In that context, the march is a step towards boosting the union as a political drive, the way in which it was within the Sixties and ‘70s, when younger individuals streamed into the San Joaquin Valley to affix the wrestle and union contracts had been received regardless of brutal repression from farmers and the police.

The primary time the UFW marched from Delano to Sacramento was within the spring of 1966, when the union was just some years previous. Led by Chavez, who based the UFW together with Dolores Huerta, farmworkers had been attempting to attract consideration to the exploitive situations within the fields and the marketing campaign to prepare employees.

By the point the marchers reached Sacramento on Easter Sunday, the UFW had signed its first labor settlement, Chavez had made the entrance web page of The New York Occasions, and the union had emerged as one of many Sixties’ most potent voices for justice. The UFW additionally led a march from Delano to Sacramento in 1994, to commemorate the primary anniversary of Chavez’s loss of life.

Regardless of Chavez’s subsequent standing as a nationwide icon, whose identify now graces colleges, parks and streets in cities throughout the state, the union he led has been struggling for years. Latest estimates put membership at simply 7,000, and a few critics complain that the union has not spent sufficient time recently really organizing employees and successful contracts.

“After the Nineteen Eighties, with remoted exceptions, the UFW stopped organizing un-organized farmworkers,” mentioned William B. Gould, a professor emeritus of regulation at Stanford College and the previous chairman of the state’s Agricultural Labor Relations Board. “That's the brutal actuality. The UFW is moribund. You'll be able to quote me on that. My three years [on the ARLB] they did nothing.”
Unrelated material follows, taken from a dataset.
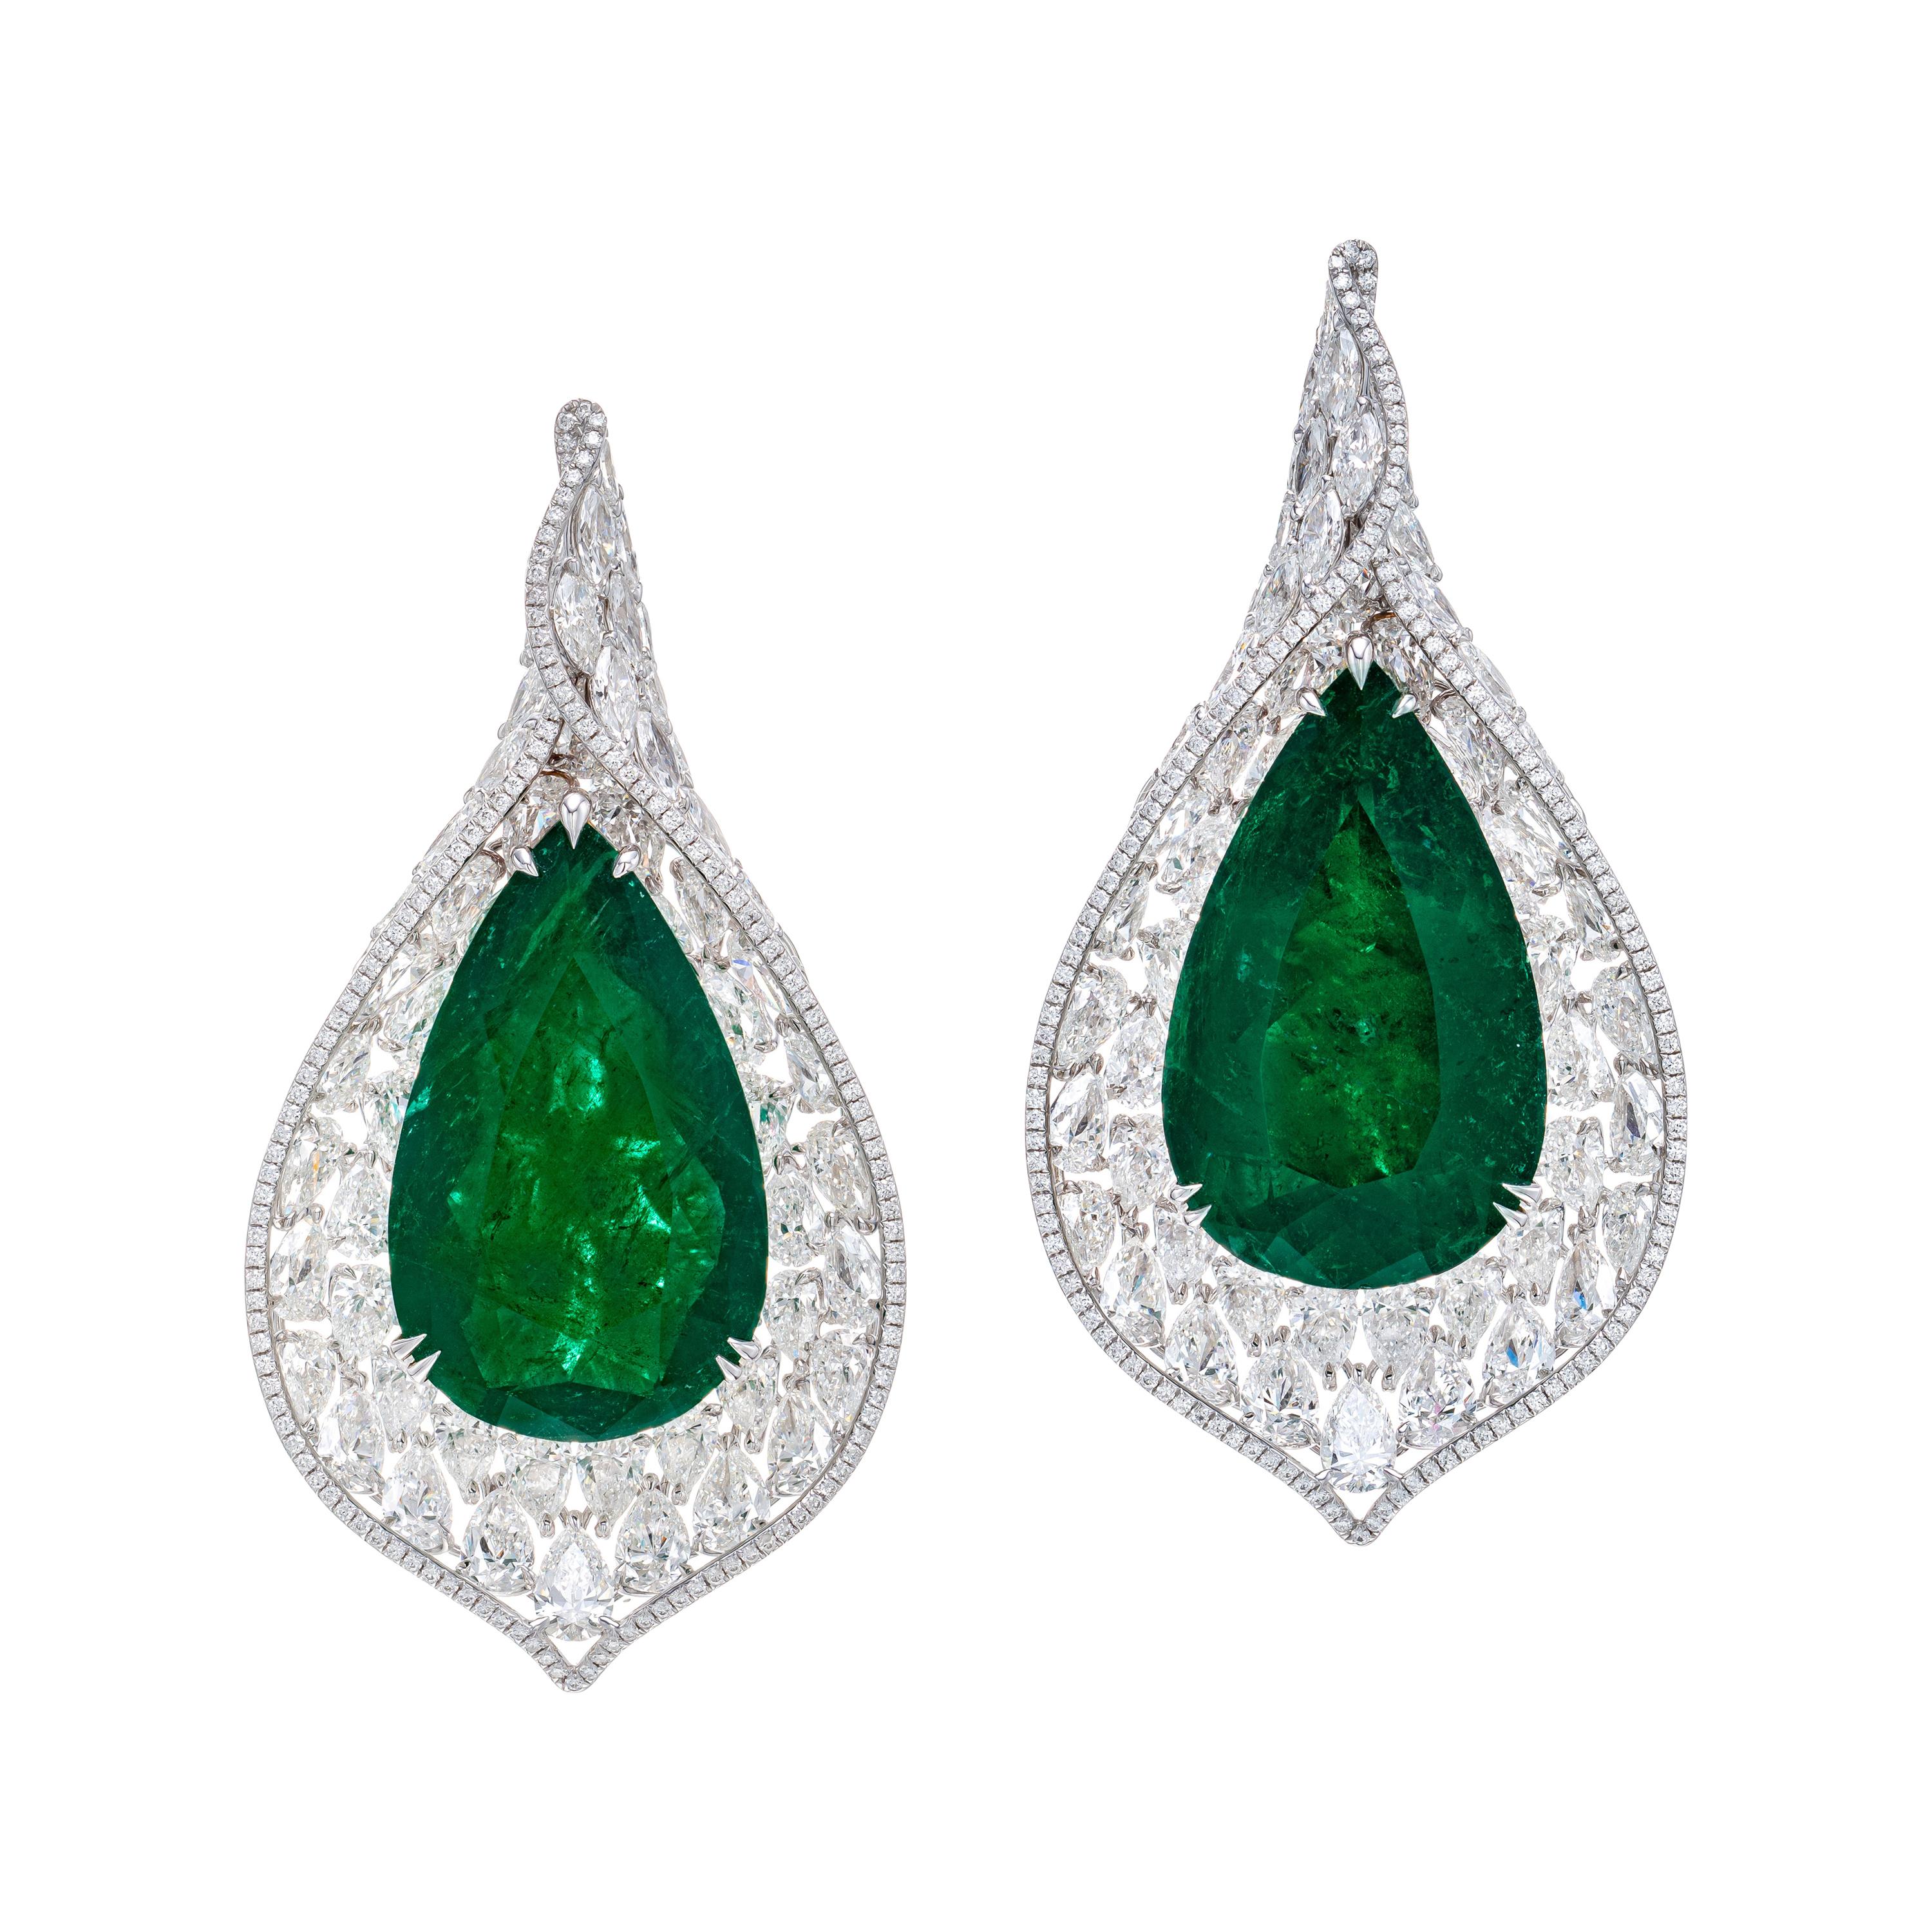 Gubelin Certified 65.97 Carat Colombian Emerald Diamond Earrings in 18K Gold

Union leaders say such criticism is unfair. As a result of they're typically undocumented, or, more and more, momentary international visitor employees, farmworkers are among the many most susceptible and troublesome to prepare members of the labor drive. Lengthy exempted from labor legal guidelines that defend employees in different sectors, they’ve lengthy seen the deck stacked in opposition to them, specialists say. Nonetheless, mentioned Romero, the UFW president union backed-regulations akin to new protections for working in warmth have benefited not simply represented laborers however all farmworkers.

As they marched up the Central Valley, holding flags and chanting “si se puede,” most of the contributors mentioned they had been doing it to stress the governor to signal the Agricultural Labor Relations Voting Alternative Act.
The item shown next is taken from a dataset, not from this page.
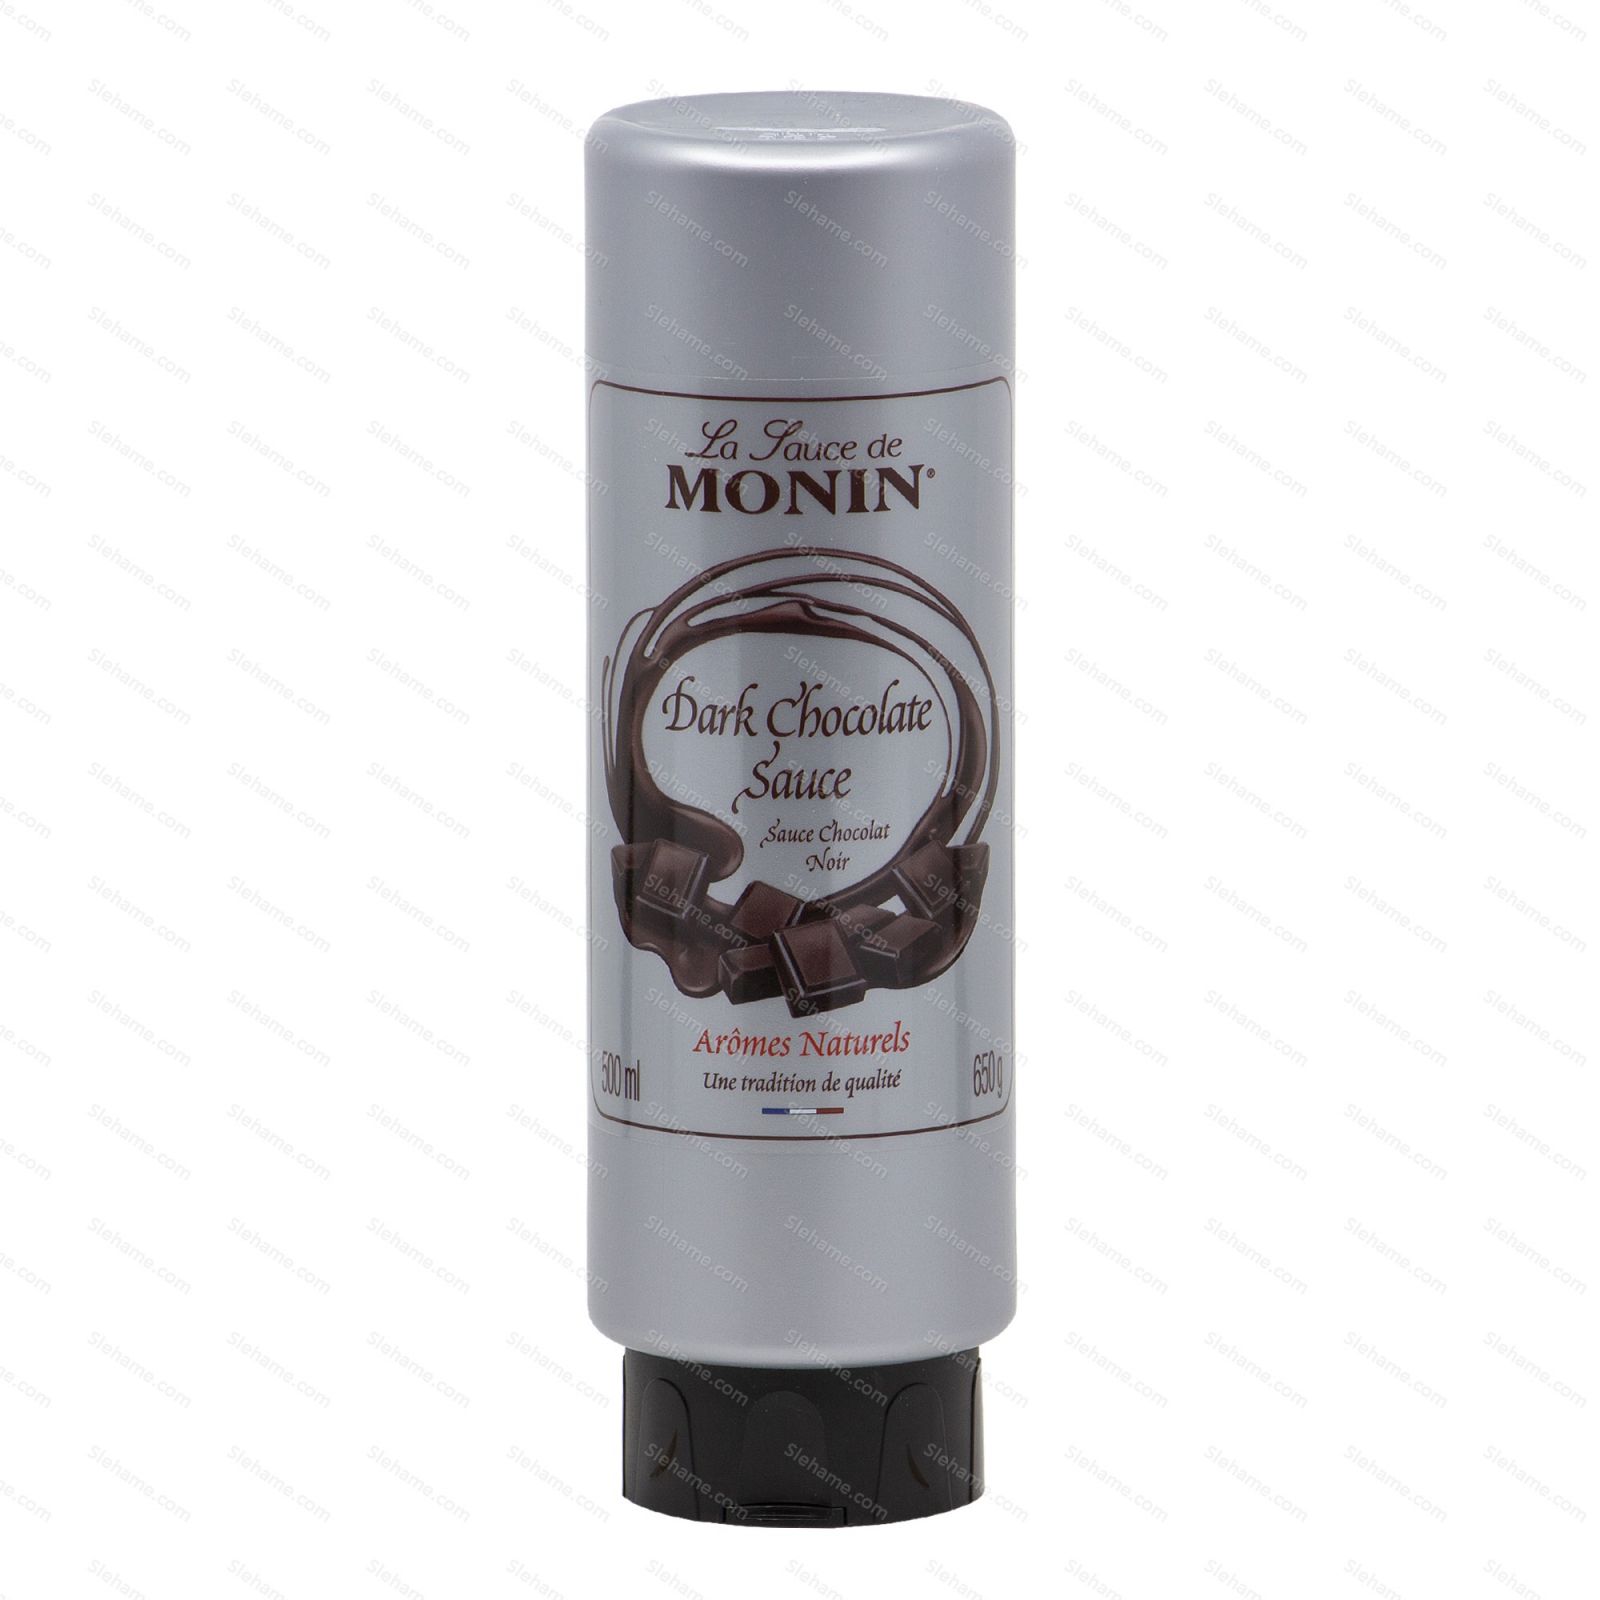 Toping Monin Dark Chocolate Sauce, 500 ml - main view

“We're preventing for our rights,” mentioned Veronica Mota, 47, a farmworker from Madera who mentioned she was there representing “hundreds of farmworkers who can’t depart their work” throughout the harvest season to affix the struggle.
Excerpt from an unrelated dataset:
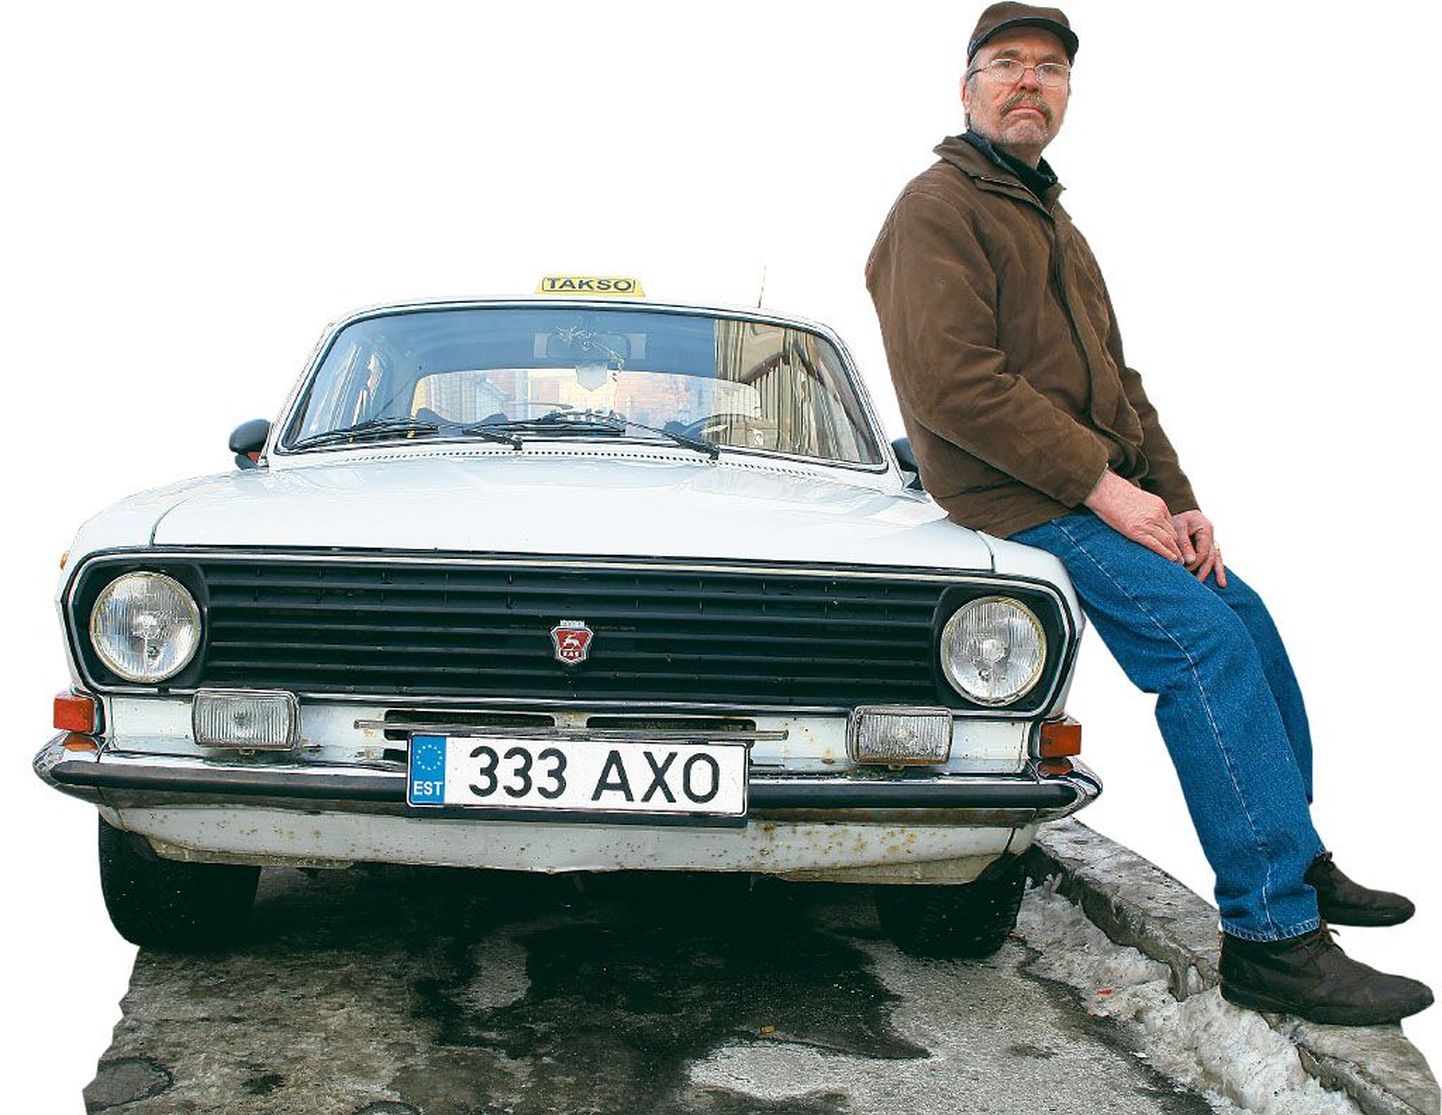 1991. aasta valge Volgaga sõidab Peeter Saar taksot kuuendat aastat. Kui masin sel kevadel ülevaatusel läbi saab, venitab veel aastakese sõita ja siis läheb Eesti viimane Volga takso välja teenitud pensionile.

However many others mentioned they had been there due to what the UFW represents to them — and the voice they hope to assist in giving it sooner or later.

Rikki Mezza, who works for the state, mentioned she was strolling in reminiscence of her father, Frutoso Meza, an immigrant from Jalisco who labored within the fields and marched with Chavez within the Sixties. She wore his photograph round her neck. Different members of her household, together with her sisters, deliberate to march on completely different days.

Subsequent to Mezza, Elva Beltran climbed out of her husband’s automotive and started marching halfway via the day, saying she had labored within the fields as a teenager and wished to point out her assist.

In Ceres, the caravan picked up a police escort — summoned, organizers mentioned, due to rumors that the march is perhaps focused by white supremacists. No harassment materialized, however the Rebirth Automotive Membership of the Central Valley dispatched a number of brightly painted lowriders to maintain a watchful eye, and members of a neighborhood bike membership turned up too, blasting banda music from massive audio system.

Abel Martinez took the break day work to drive his cherry pink 1974 Lincoln Continental beside the marchers, bringing alongside his spouse, Sabrina, his daughter and his niece.

“We couldn’t be any extra grateful for these people who find themselves strolling,” Sabrina mentioned.


©2022 Los Angeles Occasions. Go to latimes.com. Distributed by Tribune Content material Company, LLC.